In their first report on this technique, Mollentze and his colleagues developed a model that could correctly recognize human-infecting viruses more than 70% of the time. Mollentze can’t yet say why his gene-based model worked, but he has some ideas. Our cells can recognize foreign genes and send out an alarm to the immune system. Viruses that can infect our cells may have the ability to mimic our own DNA as a kind of viral camouflage.
When they applied the model to animal viruses, they came up with a list of 272 species at high risk of spilling over. That is too many for virus experts to study in any depth.

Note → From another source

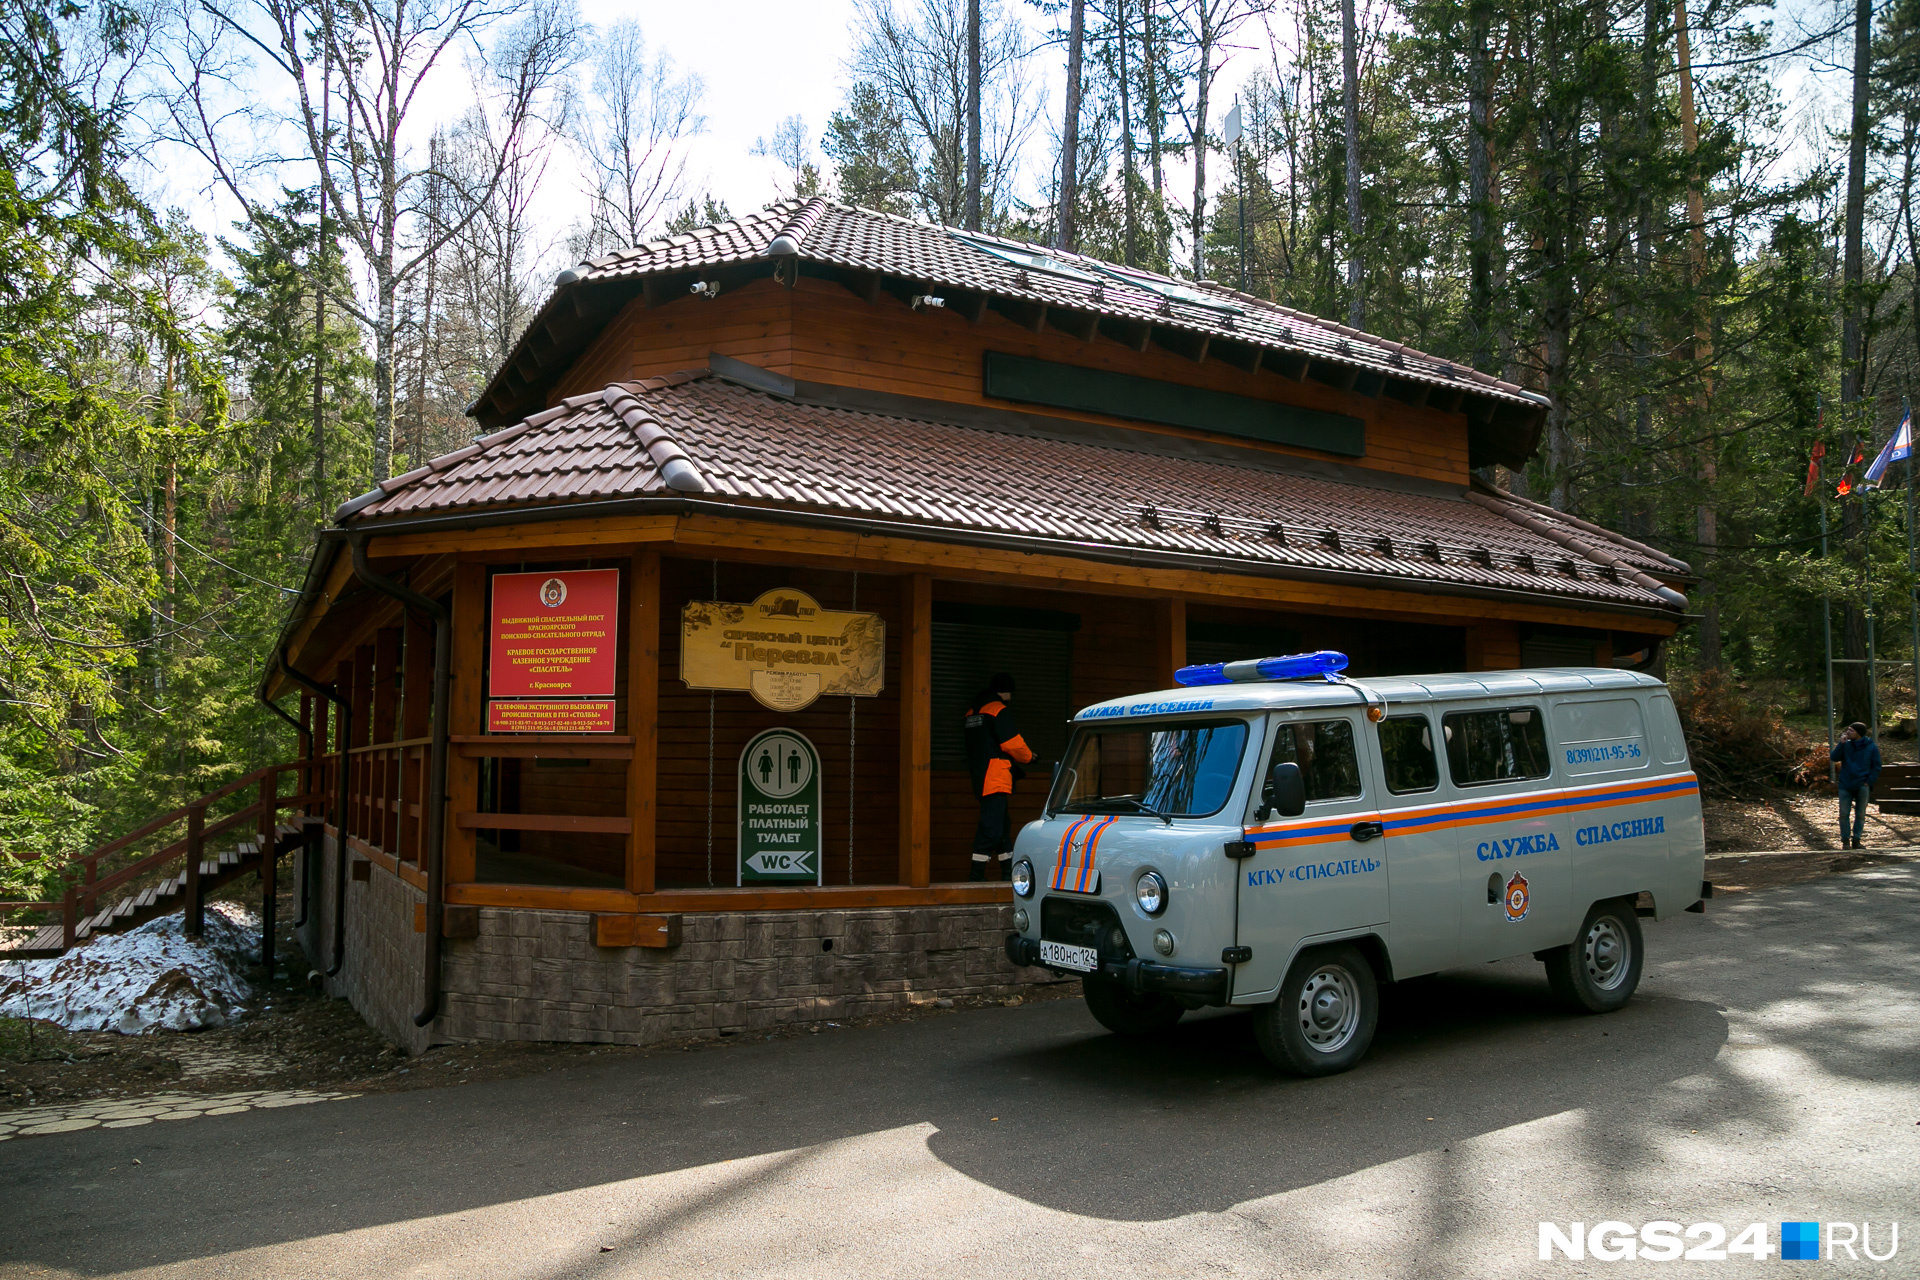 Пункт спасателей на «Столбах» — деревянное здание — открыли летом 2017 года после череды случаев с потерявшимися туристами

“You can only work on so many viruses,” said Emmie de Wit, a virus expert at Rocky Mountain Laboratories in Hamilton, Montana, who oversees research on the new coronavirus, influenza and other viruses. “On our end, we would really need to narrow it down.”
Mollentze acknowledged that he and his colleagues need to find a way to pinpoint the worst of the worst among animal viruses.
“This is only a start,” he said.
To follow up on his initial study, Mollentze is working with Carlson and his colleagues to merge data about the genes of viruses with data related to the biology and ecology of their hosts. The researchers are getting some promising results from this approach, including the tantalizing mousepox lead.
De Wit said that machine learning models could some day guide virus experts like herself to study certain animal viruses.
“There’s definitely a great benefit that’s going to come from this,” she said.
But she noted that the models so far have focused mainly on a pathogen’s potential for infecting human cells. Before causing a new human disease, a virus also has to spread from one person to another and cause serious symptoms along the way. She is waiting for a new generation of machine learning models that can make those predictions, too.
“What we really want to know is not necessarily which viruses can infect humans, but which viruses can cause an outbreak,” she said. “So that’s really the next step that we need to figure out.”